SUPPLIED RECORDS: Begin
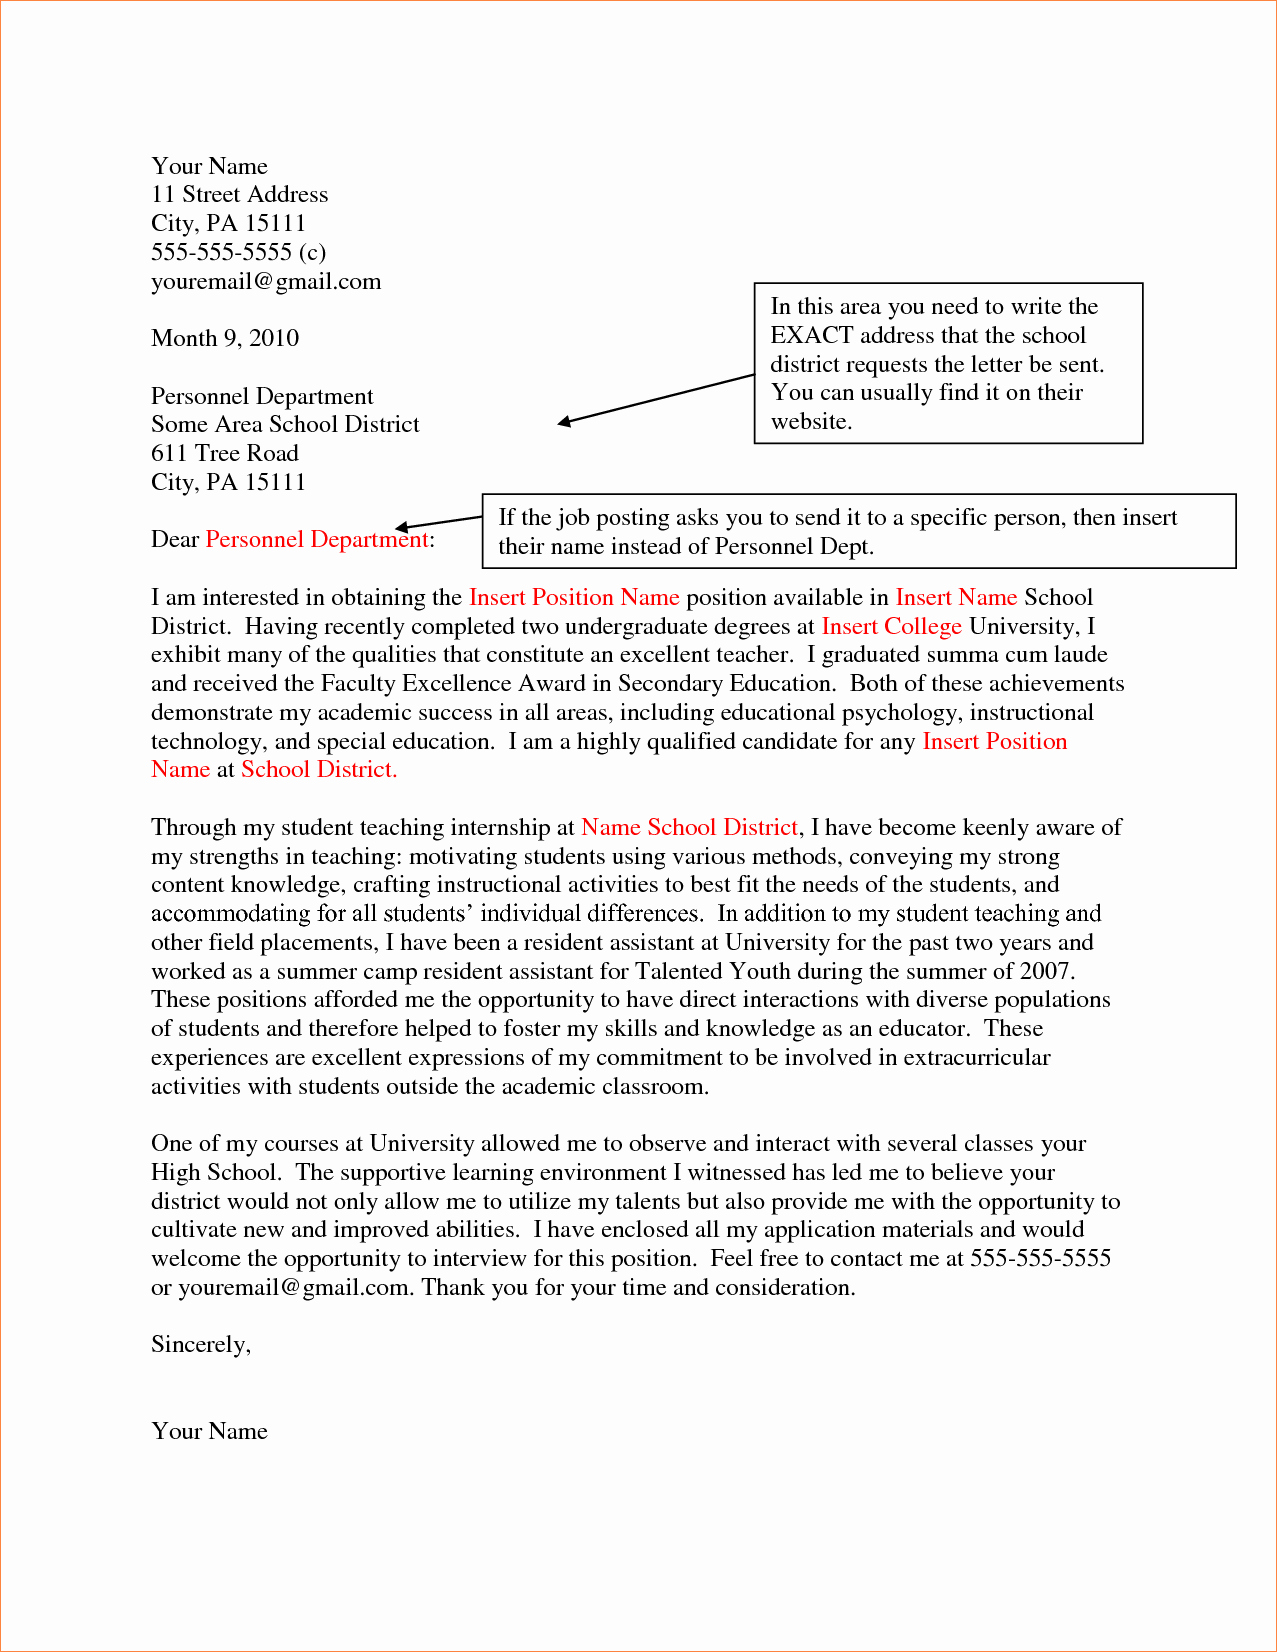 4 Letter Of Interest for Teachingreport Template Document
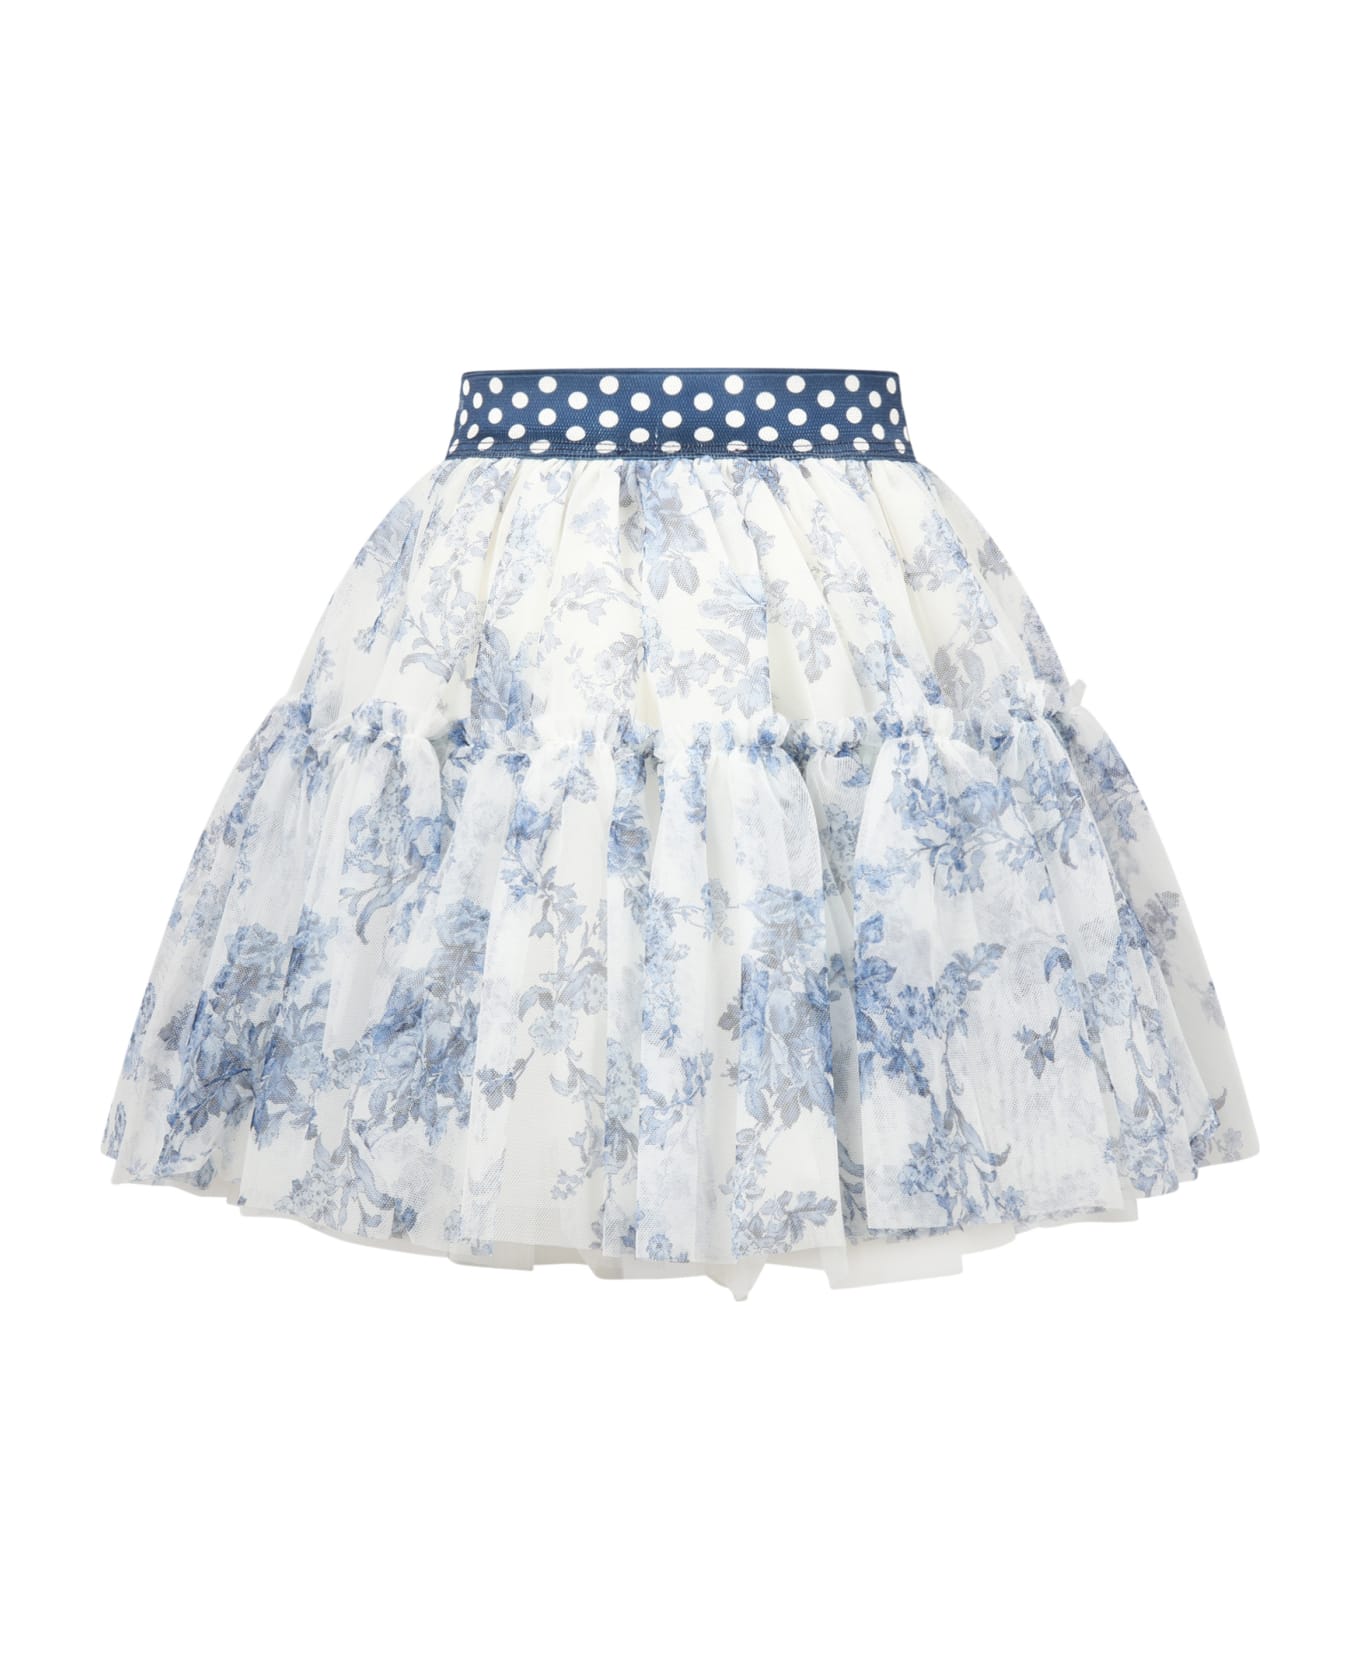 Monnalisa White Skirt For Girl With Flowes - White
SUPPLIED RECORDS: End
SUPPLIED RECORDS: Begin
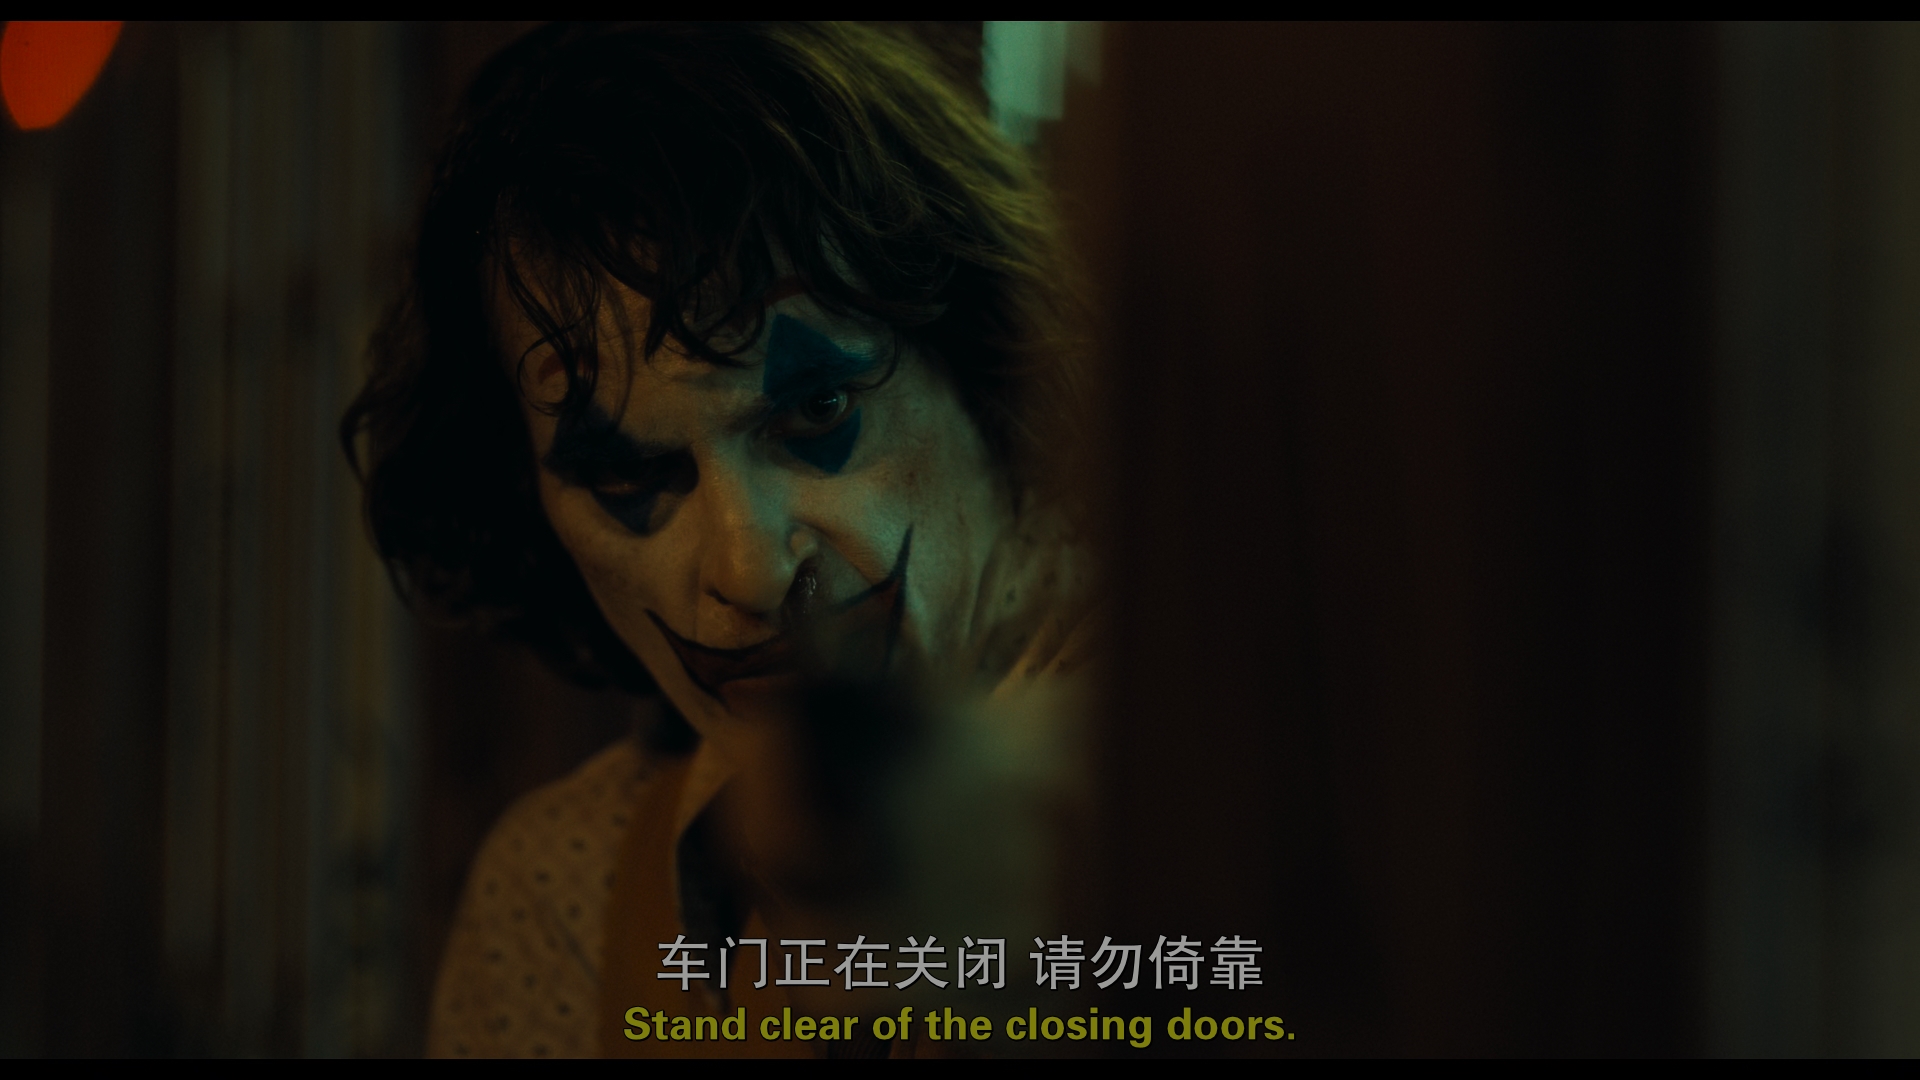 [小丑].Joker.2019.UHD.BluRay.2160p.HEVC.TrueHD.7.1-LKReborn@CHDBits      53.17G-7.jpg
SUPPLIED RECORDS: End
SUPPLIED RECORDS: Begin
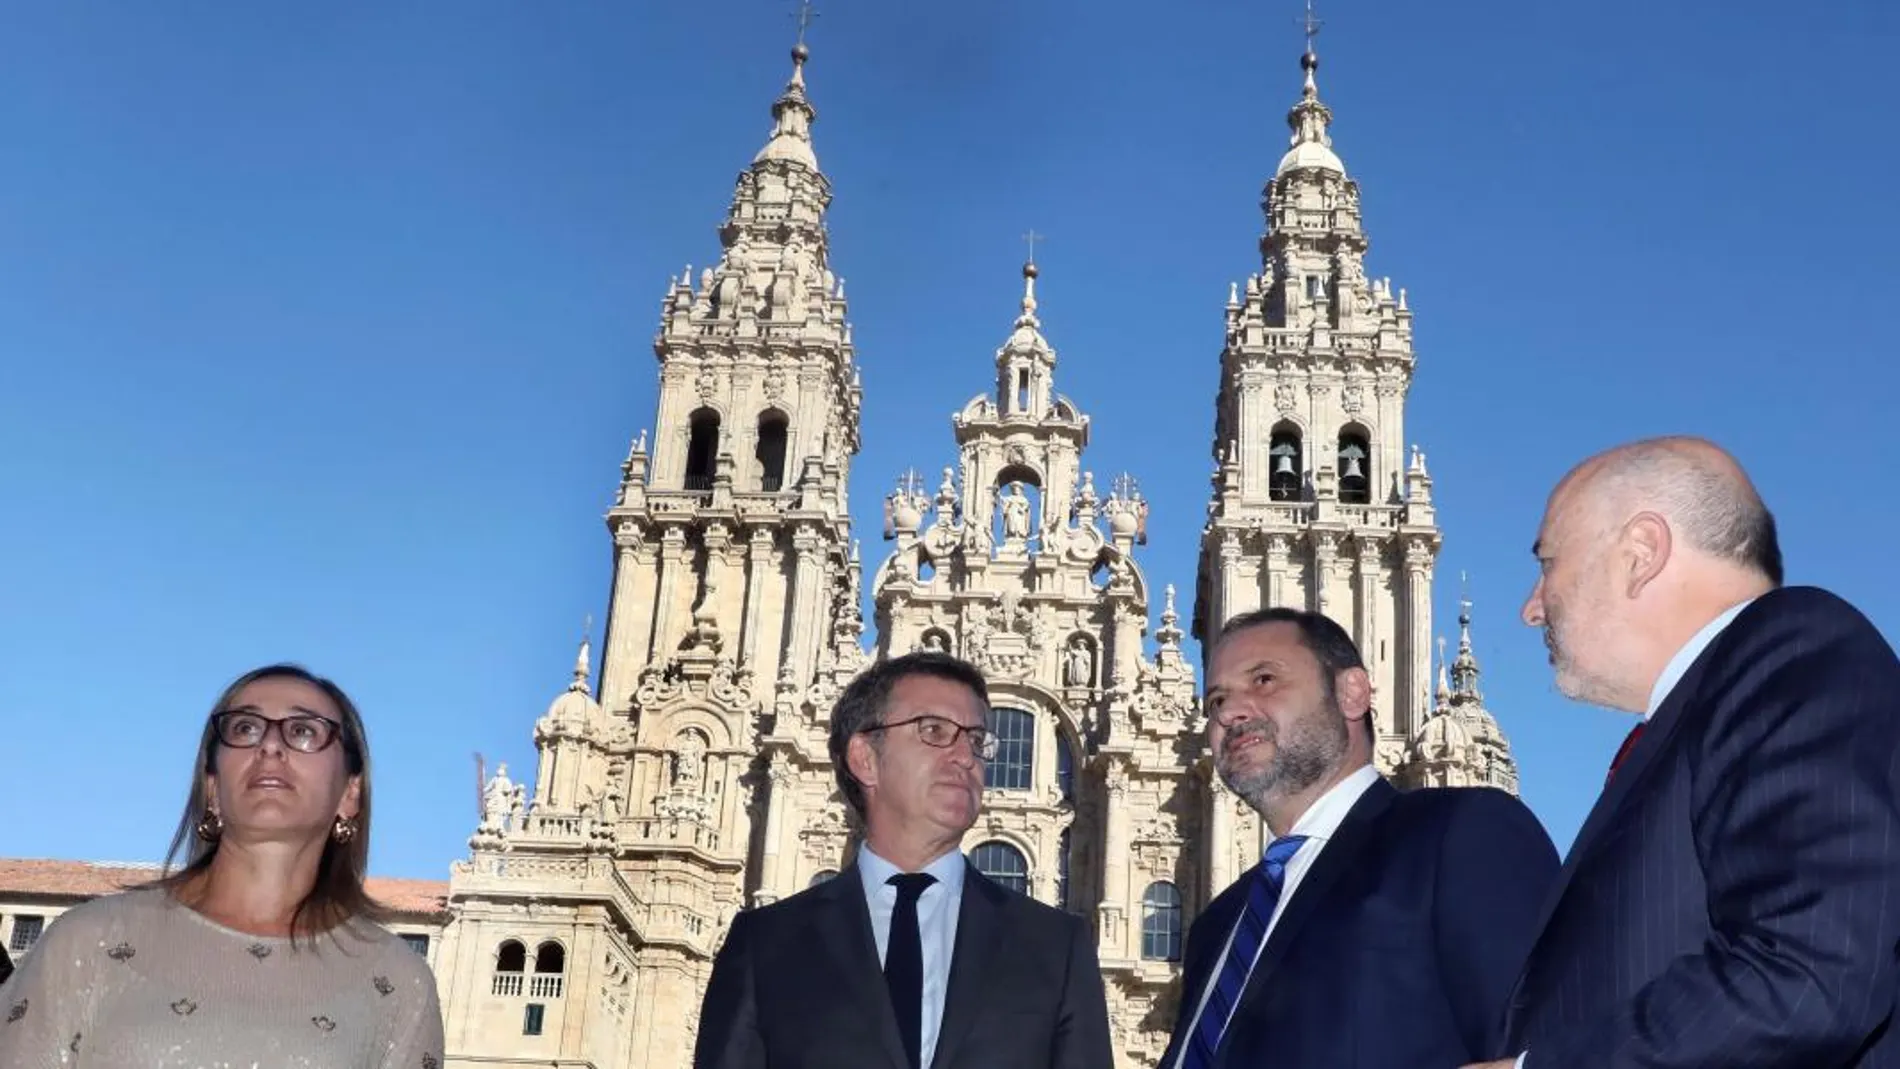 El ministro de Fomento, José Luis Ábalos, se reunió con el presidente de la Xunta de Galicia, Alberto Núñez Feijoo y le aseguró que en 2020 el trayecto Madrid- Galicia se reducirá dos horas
SUPPLIED RECORDS: End
-- WHAT THE EXERCISE ASKS --
Please copy the lines above exactly, starting at the line that holds "4 Letter Of" and ending at the line that holds "Monnalisa White Skirt"; include both, but no pictures.

-- EXERCISE RESPONSE --
 4 Letter Of Interest for Teachingreport Template Document
 Monnalisa White Skirt For Girl With Flowes - White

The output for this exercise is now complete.